*Exercise prompt*.
Find the line containing "Sehr gute Schnitte / Vollschnittbrillanten". Reproduce it and every line after it up to the end of the records, exactly as written.

*Provided records*.
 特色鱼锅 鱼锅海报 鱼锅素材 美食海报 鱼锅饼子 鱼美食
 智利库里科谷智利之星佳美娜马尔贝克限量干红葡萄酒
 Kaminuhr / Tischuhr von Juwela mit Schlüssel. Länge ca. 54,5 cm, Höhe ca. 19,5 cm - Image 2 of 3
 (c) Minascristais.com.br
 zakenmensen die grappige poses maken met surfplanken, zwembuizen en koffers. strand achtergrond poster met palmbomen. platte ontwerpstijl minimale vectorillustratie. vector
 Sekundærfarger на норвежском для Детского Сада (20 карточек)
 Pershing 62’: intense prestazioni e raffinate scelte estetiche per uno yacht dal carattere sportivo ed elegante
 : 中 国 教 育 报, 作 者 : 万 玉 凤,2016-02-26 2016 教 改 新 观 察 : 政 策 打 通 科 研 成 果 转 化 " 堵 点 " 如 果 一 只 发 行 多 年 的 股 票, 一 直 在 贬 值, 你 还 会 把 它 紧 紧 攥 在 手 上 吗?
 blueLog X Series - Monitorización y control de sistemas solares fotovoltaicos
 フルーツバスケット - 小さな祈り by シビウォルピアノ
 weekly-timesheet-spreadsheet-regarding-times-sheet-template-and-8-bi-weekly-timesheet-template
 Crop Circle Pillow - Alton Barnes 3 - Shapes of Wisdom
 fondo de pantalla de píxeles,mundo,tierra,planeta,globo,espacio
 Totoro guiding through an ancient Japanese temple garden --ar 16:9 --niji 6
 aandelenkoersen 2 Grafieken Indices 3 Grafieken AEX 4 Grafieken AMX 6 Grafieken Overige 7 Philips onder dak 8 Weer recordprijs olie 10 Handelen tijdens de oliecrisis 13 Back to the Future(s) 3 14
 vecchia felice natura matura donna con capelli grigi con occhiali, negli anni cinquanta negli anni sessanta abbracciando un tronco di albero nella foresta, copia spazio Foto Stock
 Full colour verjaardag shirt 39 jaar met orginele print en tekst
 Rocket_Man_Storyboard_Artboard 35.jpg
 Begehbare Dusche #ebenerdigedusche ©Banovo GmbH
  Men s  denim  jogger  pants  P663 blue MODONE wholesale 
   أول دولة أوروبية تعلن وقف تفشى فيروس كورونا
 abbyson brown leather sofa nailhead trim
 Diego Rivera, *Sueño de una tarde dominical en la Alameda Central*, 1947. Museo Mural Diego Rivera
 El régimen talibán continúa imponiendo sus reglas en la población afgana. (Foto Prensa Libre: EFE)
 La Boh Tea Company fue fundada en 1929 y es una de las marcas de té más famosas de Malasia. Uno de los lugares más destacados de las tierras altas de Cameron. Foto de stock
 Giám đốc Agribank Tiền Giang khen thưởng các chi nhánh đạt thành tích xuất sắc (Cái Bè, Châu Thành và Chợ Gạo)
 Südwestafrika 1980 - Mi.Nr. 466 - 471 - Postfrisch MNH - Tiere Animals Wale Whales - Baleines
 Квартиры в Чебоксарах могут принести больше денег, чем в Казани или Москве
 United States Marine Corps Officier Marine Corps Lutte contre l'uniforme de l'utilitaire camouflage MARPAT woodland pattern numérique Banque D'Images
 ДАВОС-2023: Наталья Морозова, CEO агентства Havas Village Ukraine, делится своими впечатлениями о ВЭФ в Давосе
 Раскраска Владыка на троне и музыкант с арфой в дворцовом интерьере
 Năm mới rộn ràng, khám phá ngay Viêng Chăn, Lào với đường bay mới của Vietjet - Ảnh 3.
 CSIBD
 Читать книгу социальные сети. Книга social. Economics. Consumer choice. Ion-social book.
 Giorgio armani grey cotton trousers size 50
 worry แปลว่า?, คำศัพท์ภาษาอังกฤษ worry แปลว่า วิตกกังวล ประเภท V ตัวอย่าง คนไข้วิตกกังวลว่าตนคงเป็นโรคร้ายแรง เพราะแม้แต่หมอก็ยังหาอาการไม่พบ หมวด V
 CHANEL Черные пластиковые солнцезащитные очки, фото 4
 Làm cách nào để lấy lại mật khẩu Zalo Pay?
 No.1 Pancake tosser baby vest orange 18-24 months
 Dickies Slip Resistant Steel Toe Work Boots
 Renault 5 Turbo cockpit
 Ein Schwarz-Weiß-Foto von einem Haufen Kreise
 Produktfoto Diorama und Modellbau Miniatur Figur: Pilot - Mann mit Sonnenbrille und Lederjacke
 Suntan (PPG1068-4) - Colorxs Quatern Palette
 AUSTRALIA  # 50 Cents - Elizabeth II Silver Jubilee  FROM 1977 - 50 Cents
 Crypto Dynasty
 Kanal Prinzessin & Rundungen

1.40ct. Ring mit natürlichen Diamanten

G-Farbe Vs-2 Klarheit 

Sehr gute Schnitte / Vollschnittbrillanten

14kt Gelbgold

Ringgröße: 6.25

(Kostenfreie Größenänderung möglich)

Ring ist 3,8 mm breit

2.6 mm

*Your solution*.
Sehr gute Schnitte / Vollschnittbrillanten

14kt Gelbgold

Ringgröße: 6.25

(Kostenfreie Größenänderung möglich)

Ring ist 3,8 mm breit

2.6 mm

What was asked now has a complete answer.